Paying Medical Bills in the United States

Abstract
IN THE COURSE of our nation's debate about health system reform, the discussion has frequently centered on the 38.9 million Americans who have no health insurance,1and the insecurity of millions more about their ability to maintain existing coverage in a time when health insurance and health care services costs are increasing rapidly. Indeed, a national survey of Americans conducted in the week following President Clinton's address about health care reform to Congress and the nation, 48% said the cost was their greatest concern about their health insurance, and 21% said they feared losing coverage or benefits.2In the same survey, one in five Americans (21%) indicated that their greatest concerns about health insurance coverage were related to the inadequacy of benefits they have, including gaps in coverage and lack of catastrophic or stop-loss provisions.2 These kind of data are somewhat frustrating for those concerned about the health care reform debate because they provide measures of who is theoretically at risk for financial catastrophe—people without insurance, without adequate insurance, or concerned about the costs of medical care and health insurance—without providing concrete information about who has actually experienced difficulty paying medical bills.
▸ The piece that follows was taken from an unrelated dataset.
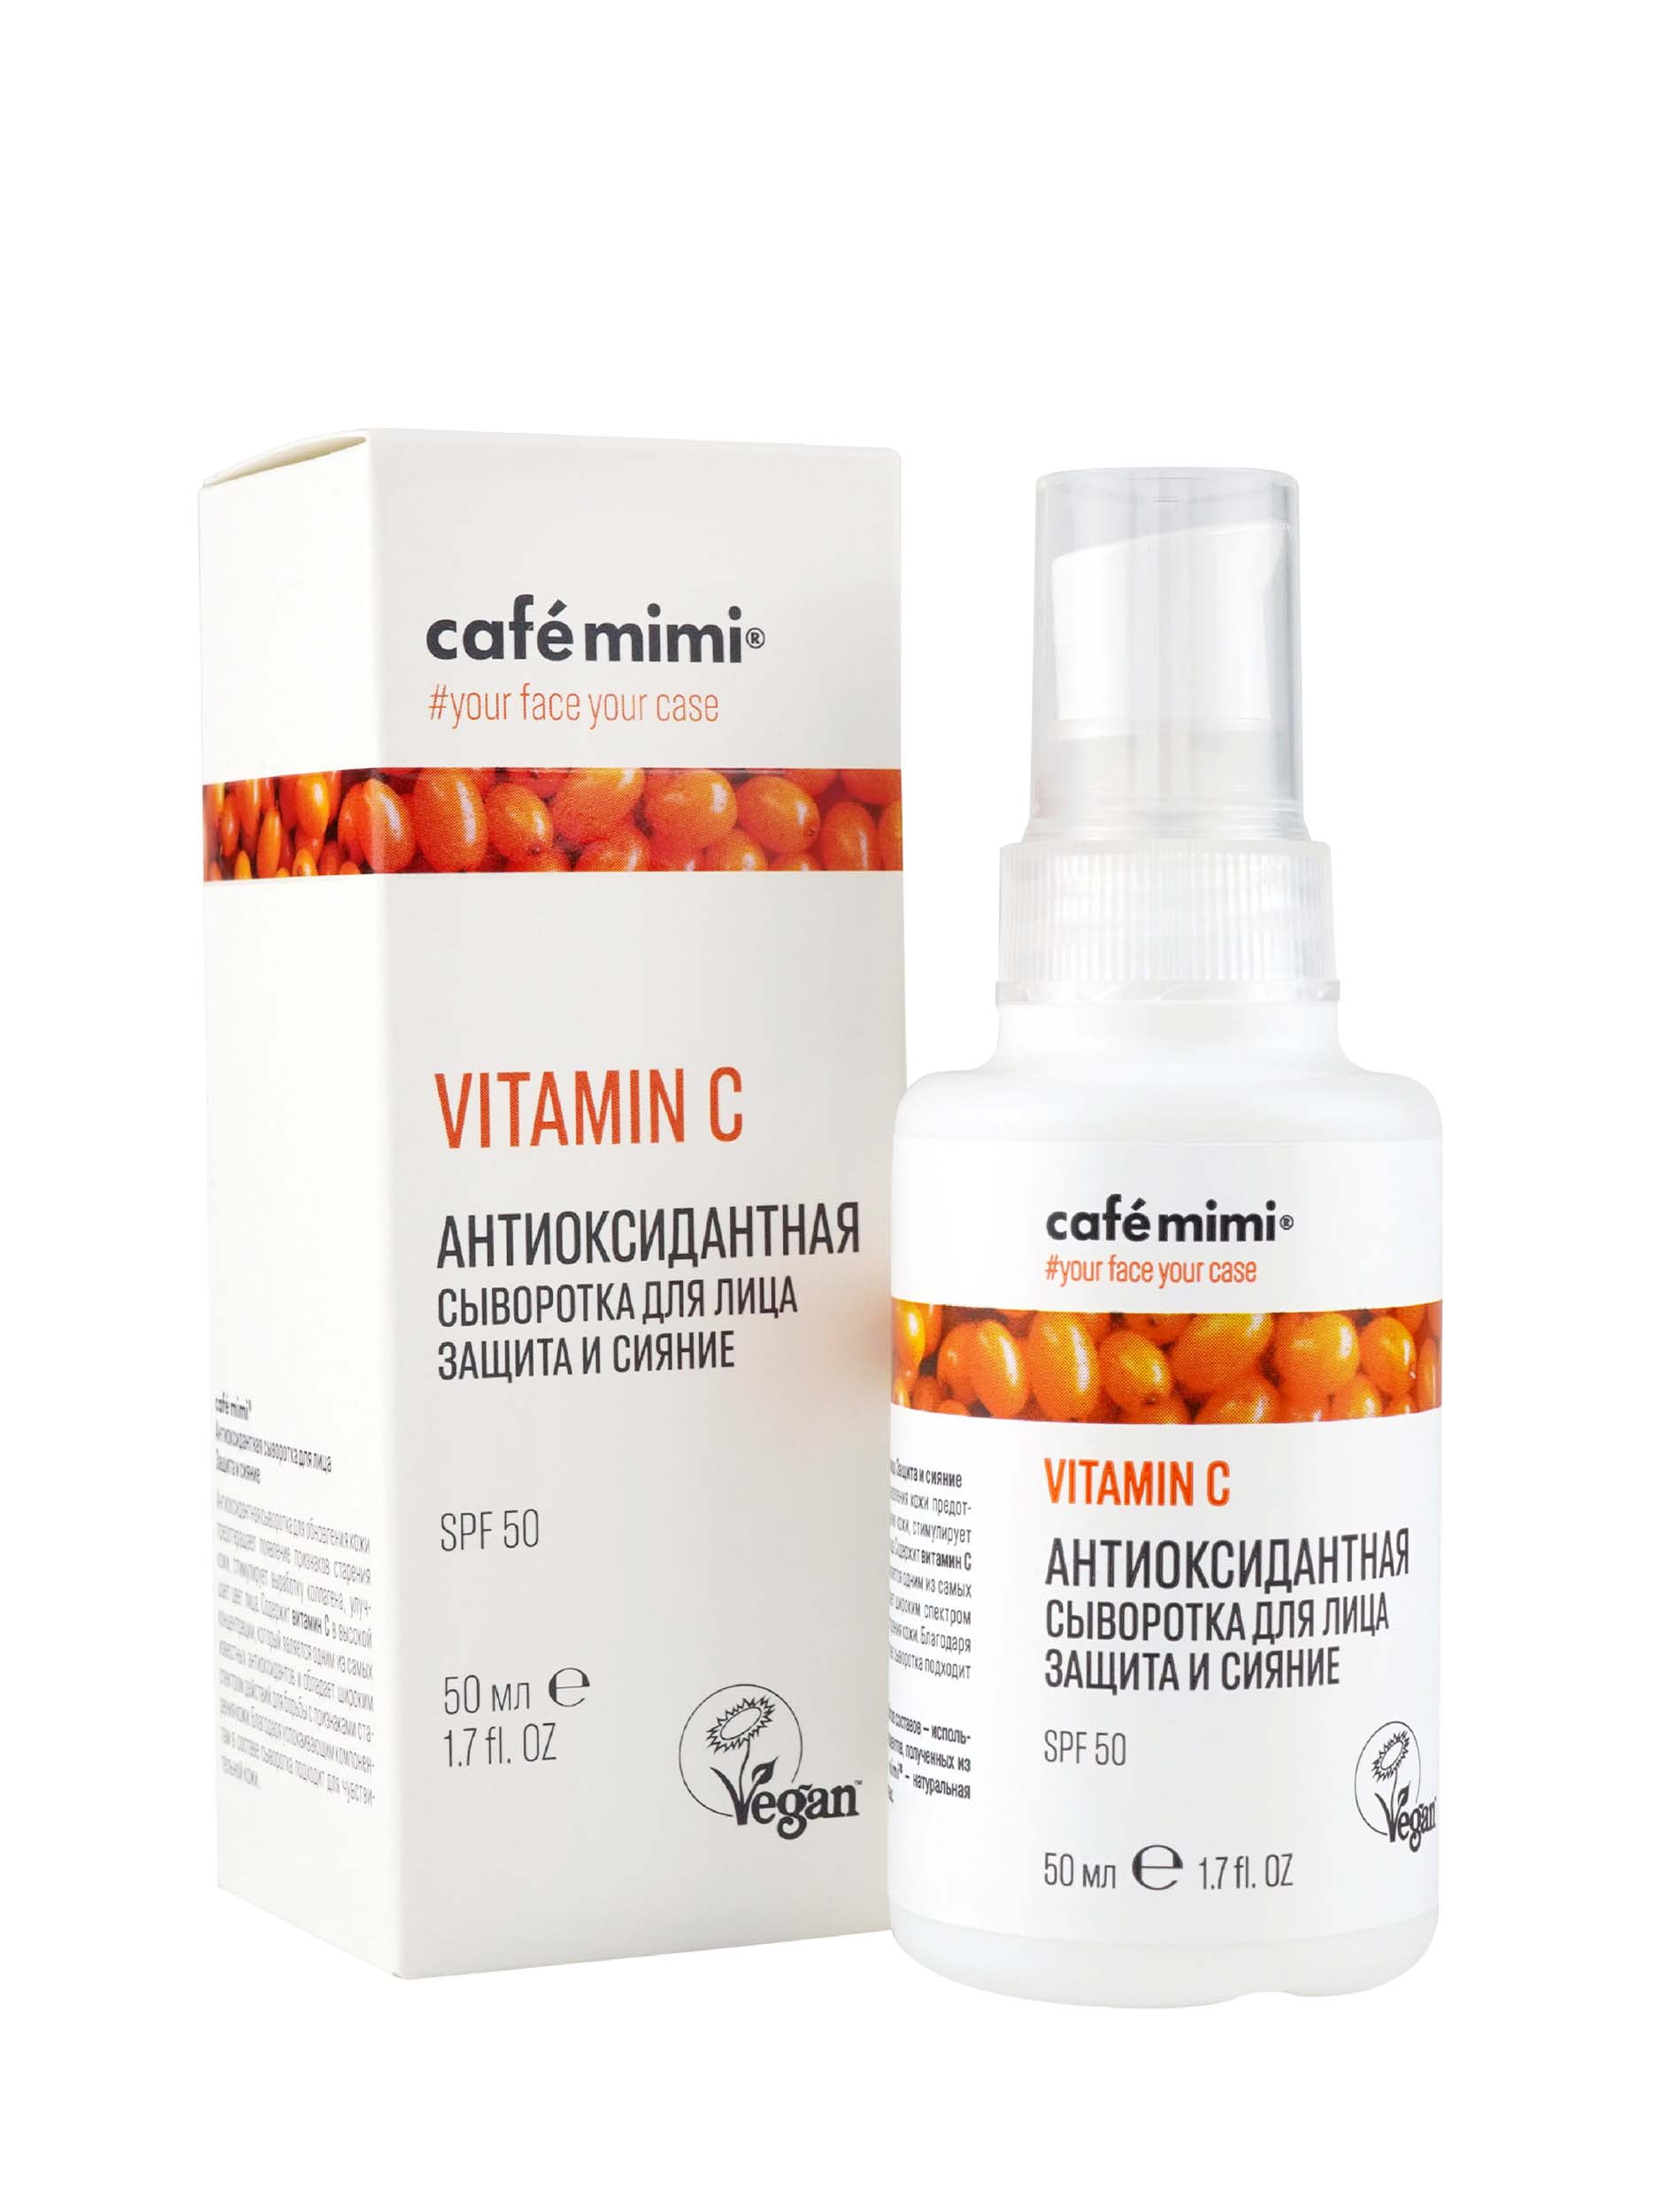 Антиоксидантная сыворотка для лица Защита и сияние Cafe mimi Vitamin C, 50 мл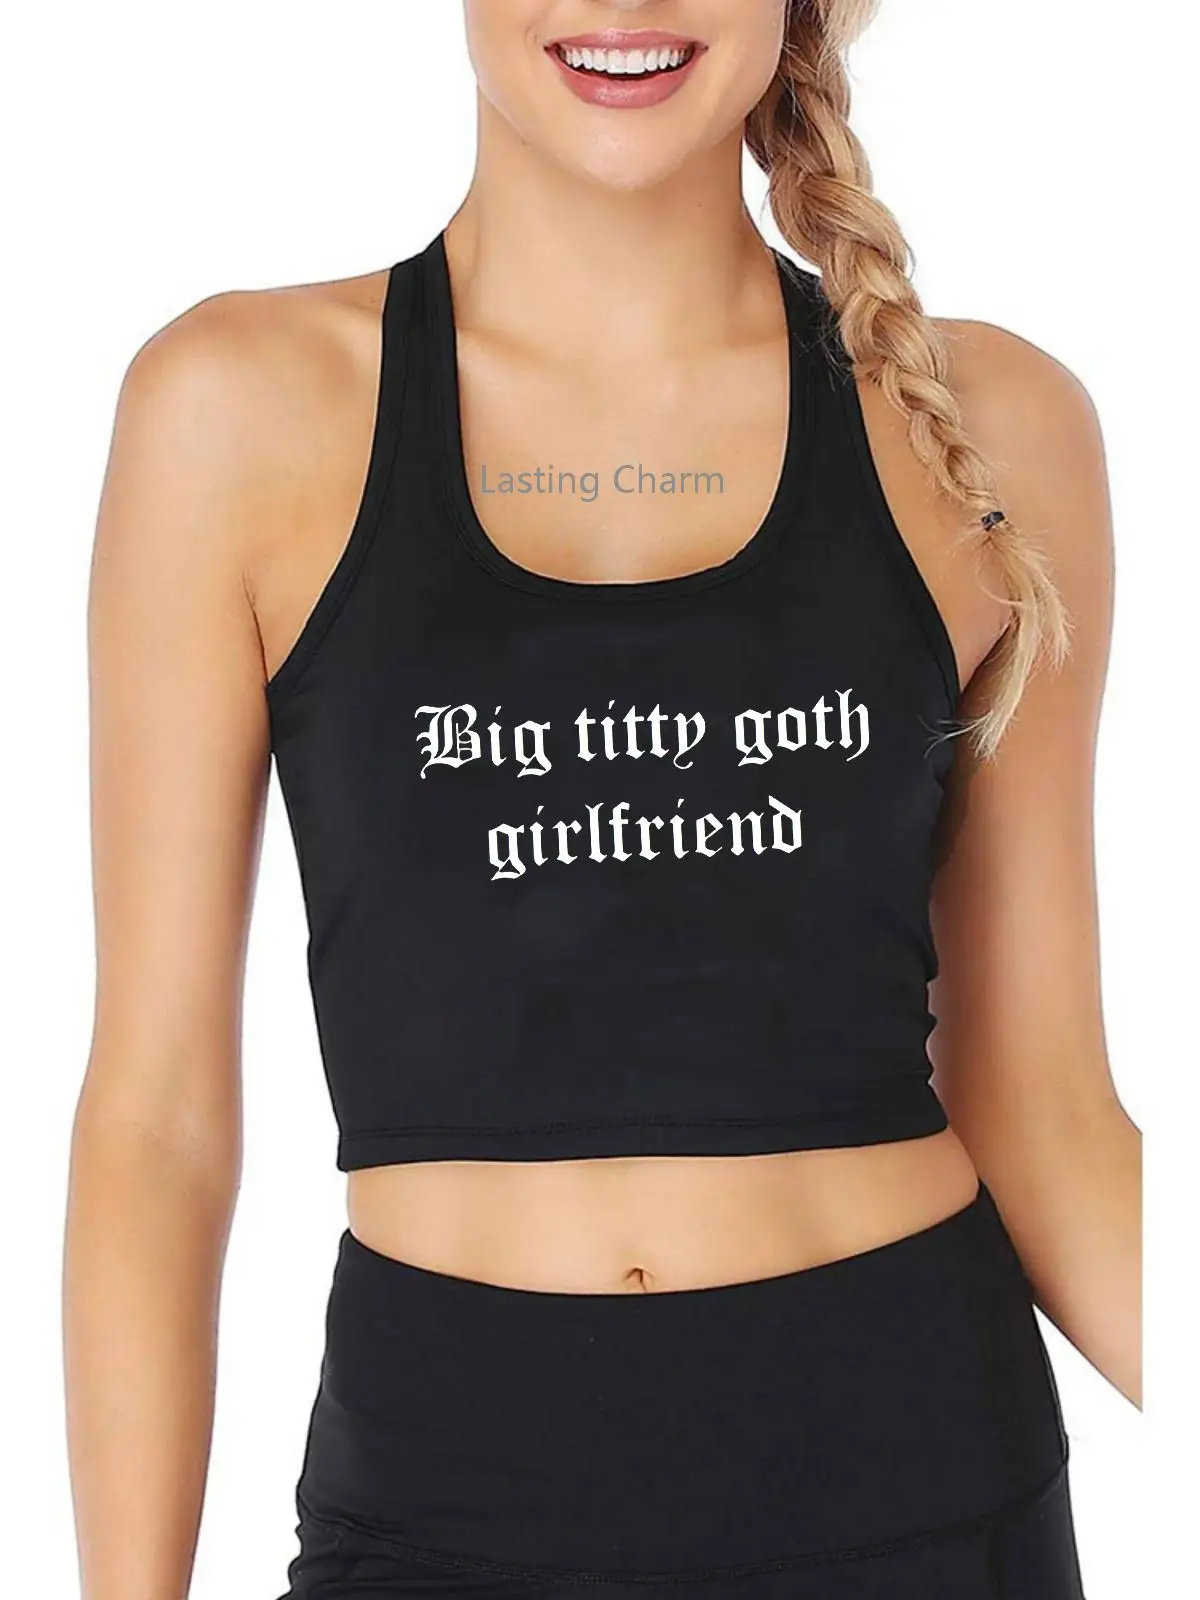 Big titty goth girlfriend Crop Tank Adult Humor Fun Flirty Print Yoga Sports Workout Crop Top Women's Gym Tops

We have read the tragic stories of such individuals in newspapers and heard them presented to the Clintons in several health care forums, but we have yet to see detailed data about how many people in the United States are struggling to pay bills, and who they are. In this article, we use data from a recent national household survey of Americans to look directly, rather than at proxy measures, at who reports actual problems paying medical bills. We examine the insurance status of people in this group and, in addition, ask what other financial stresses they face and how they cope with the realities of illness and disability in their households.